この計画の実現には2007年8月に発表されたGalore Creek銅金鉱山開発の結果が大きな役目を果たした。Galore Creekは既にFSが完了し、州政府の開発許可も得られている大型銅金プロジェクト。Nova Gold社およびTeck Comincoによる50:50のJVで開発が進められており、両社は計22億C$を投じ、当初5年の間、年産約20万t、金 34万oz、銀 400万oz規模の鉱山を建設する。マインライフは20年超で、2012年からの生産が見込まれている。Nova Gold社のFSによれば、給電施設関係の費用として1億5,800万C$が見込まれており、138kV容量の送電線が引き込まれる計画であった。これに対しBC州政府は、Galore Creekプロジェクトが見込む費用はそのまま企業負担とし、送電容量を倍の287kVに拡張し、工事費差額は州政府が負担して、Galore Creek以外のプロジェクトへの十分な電力を確保することを決定した。Nova Gold社側も、追加費用無しで、より安定した電力を得ることができ、また地域の長期安定的な発展にも寄与するとして今回の州政府の措置を歓迎している。
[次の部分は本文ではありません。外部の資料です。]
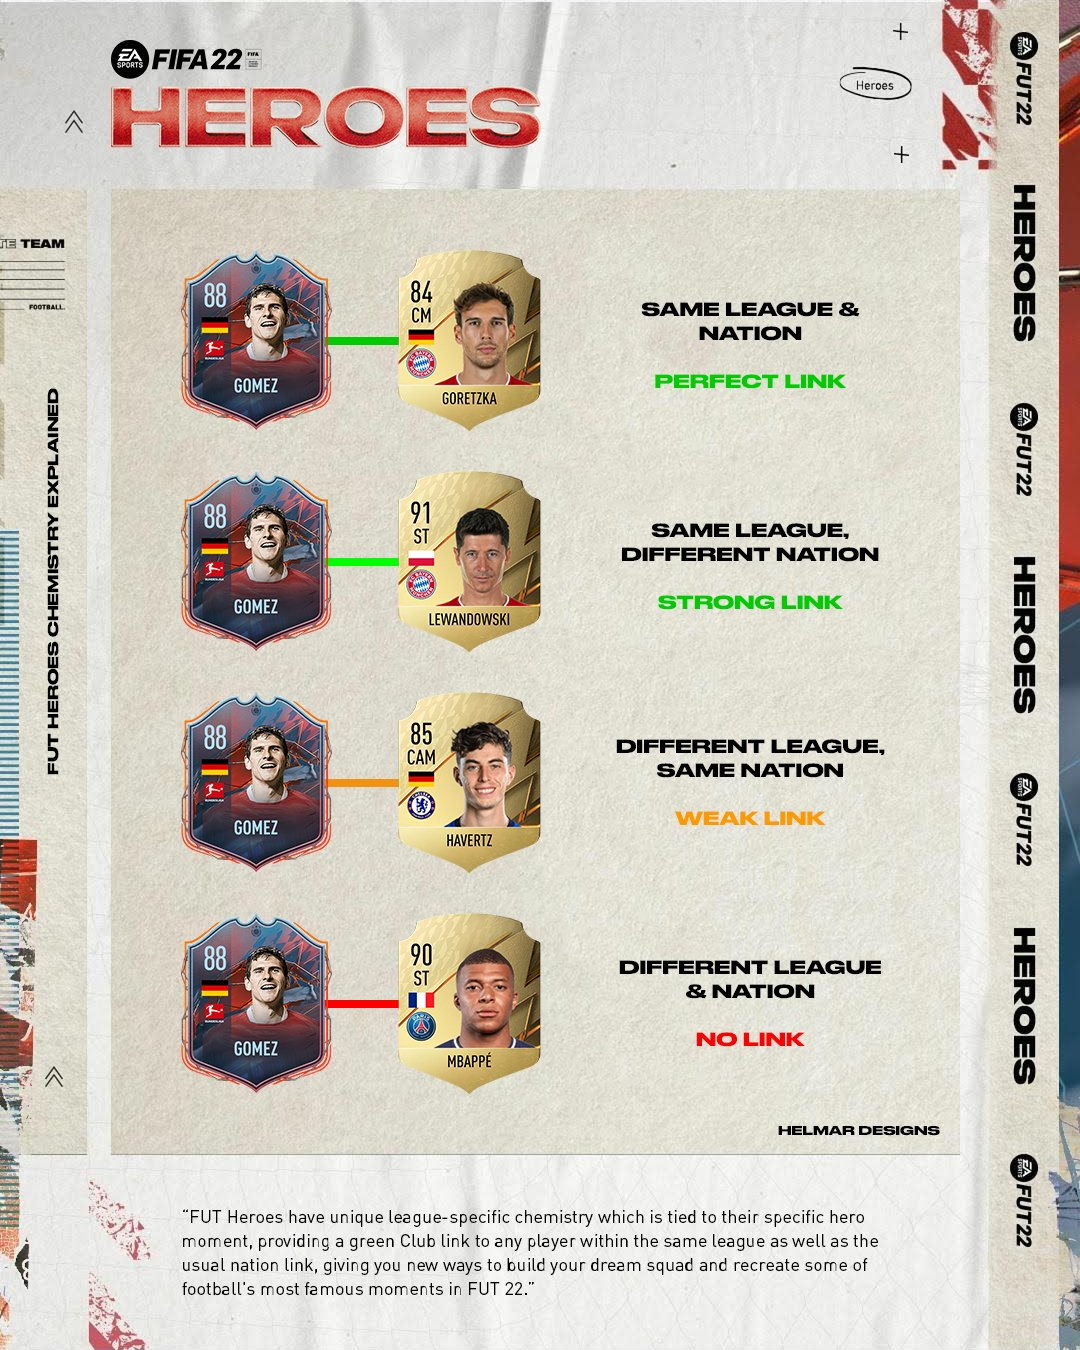 Fifa 22 FUT Heroes Chemistry explained

BC州北西部への送電は、BC州鉱業関係者に共通する州に対する長年の要求であったが、Galore Creekの開発を契機にこれが実現したことになる。付近の代表的なプロジェクトには、Schaft Creek(Copper Fox社)、Kutcho Creek(Western Keltic Mines社)、Red Chriss(Imperial Metals社)、Mount Klappen(Fortune Metals社)がある。従来、Bob Quin周辺の発電にあたっては、例えば操業中のEskay Creek鉱山など、ディーゼル自家発電に依っていたのであるが、新送電計画は鉱山の発電コスト削減のほか、地域の排気の低減など、環境保全に対する貢献も大きいとしている。
併せてBC州知事からは先住民グループとの協調についてもコメントがあった。この地域は先住民グループTahltanが管轄する地域であるが、送電線の配置に当たってはTahltanも計画策定に加わるとしている。Galore Creekプロジェクトにおいても、Tahltanとの総合開発契約が2006年2月に合意に至るなど、BC州北西部開発におけるもうひとつの課題であった先住民族との協調関係も改善しつつある。